During and after the COVID shutdown it was noticed in the global temperature tracking-and-modeling community that some industrial and transportation "air pollution" had a COOLING effect. Further (like volcanic pollution) it clears out (like volcanic pollution) or builds up in a time scale of a couple years, rather than the decades-to-centuries time scale of greenhouse gasses. Some significant components of this effect are fine dusts from industrial activity, high-altitude exhaust from commercial aviation (dust and contrails), and, massively, sulfur emissions from shipping (increasing and brightening over-ocean clouds).

In particular, as of a few months ago it was estimated that the reduction of shipping sulfur emission, due to the recently rolling-out global limits on sulfur in ship fuel (previously cheap but high sulfur), plus the reduction in shipping due to the COVID supply-chain disruptions, MORE that accounted for ALL the sea-level water temperature increase since the limits started going into effect. (That may not be current now, as shipping picks up post-COVID lockdown but using still lower sulfur fuel as the limits become more effective).

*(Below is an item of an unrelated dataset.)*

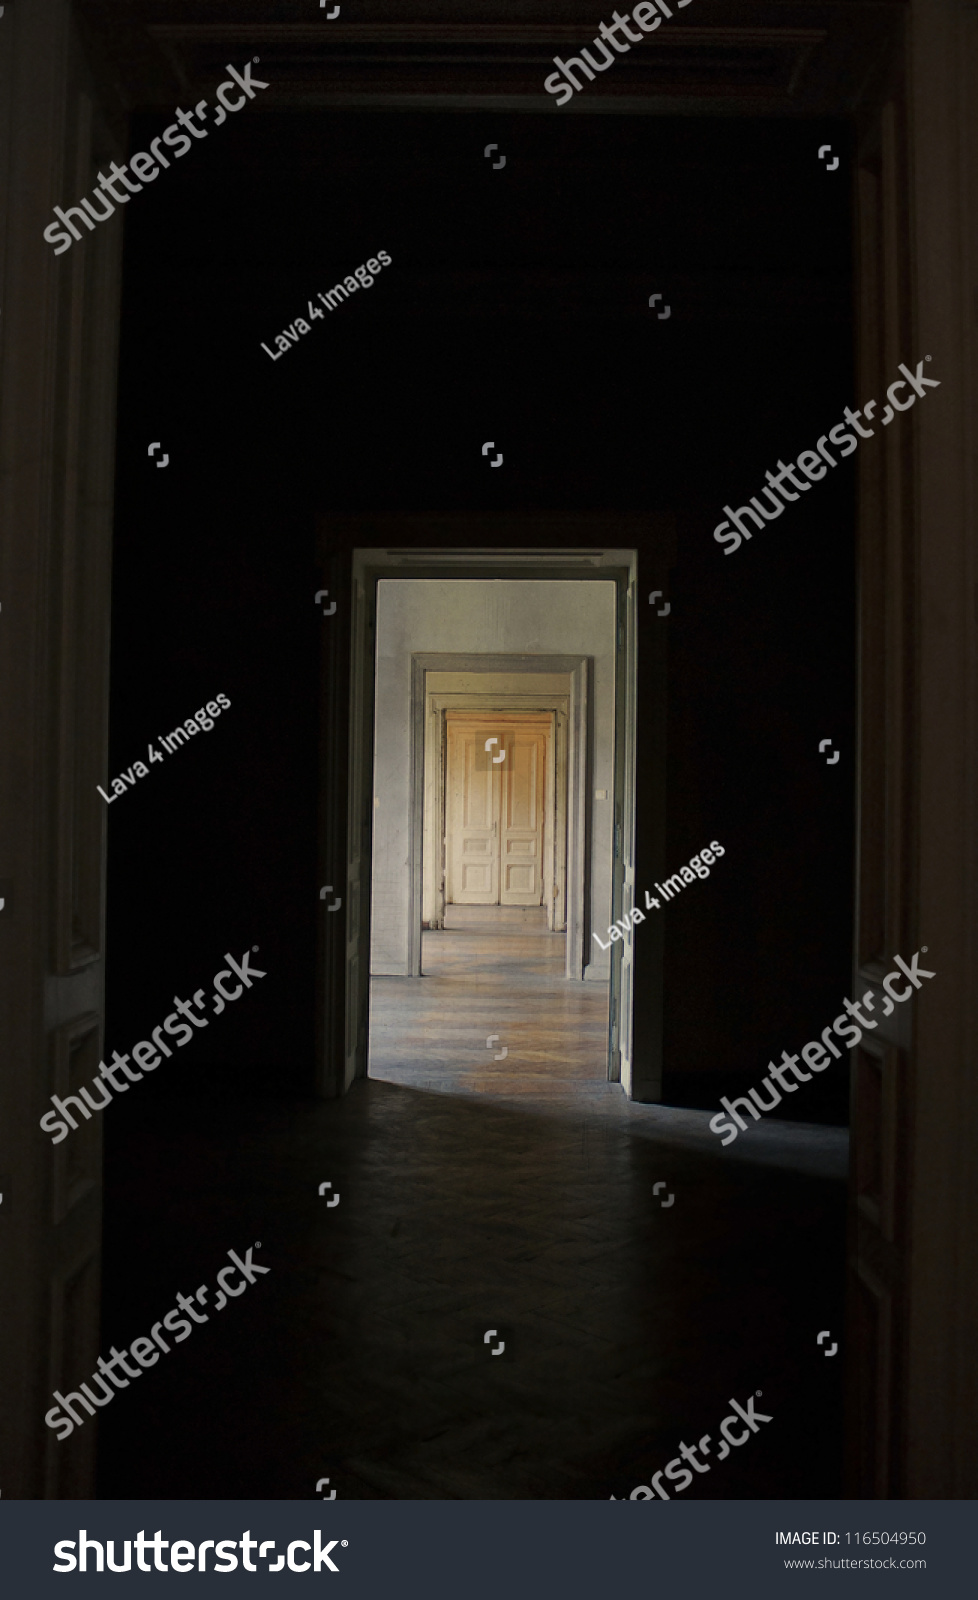 Closed door at the end of the hallway, rite of passage concept. Linear perspective view through several open doors and empty rooms. #116504950

Deliberately adding sulfur to ship fuel to increase the global cooling part of the balance (as had been proposed even before this) has it's own problems. But perhaps modifying ships' cooling water and exhaust systems to introduce sea-water spray (which dries to cloud-seeding particles) into the hot exhaust and vent it to the air could produce the same effect without adding any more or different "pollution" than increased wave-action (as from storms) would.

Meanwhile, regardless of how much the added CO2 from previous industrial fossil fuel consumption may have contributed to heating the planet, it looks like slamming on the brakes may end up with a century or two of GREATER heating, and that a cut-CO2 solution would have involve tapering off the emissions without depressing manufacturing and transportation, over a period of decades.

Which, just incidentally, is exactly what the rollout of renewable energy, now driven more by economics and recent technology improvements than government promotion, has been doing (or had been before the draconian interference with the US fossil fuel industry.)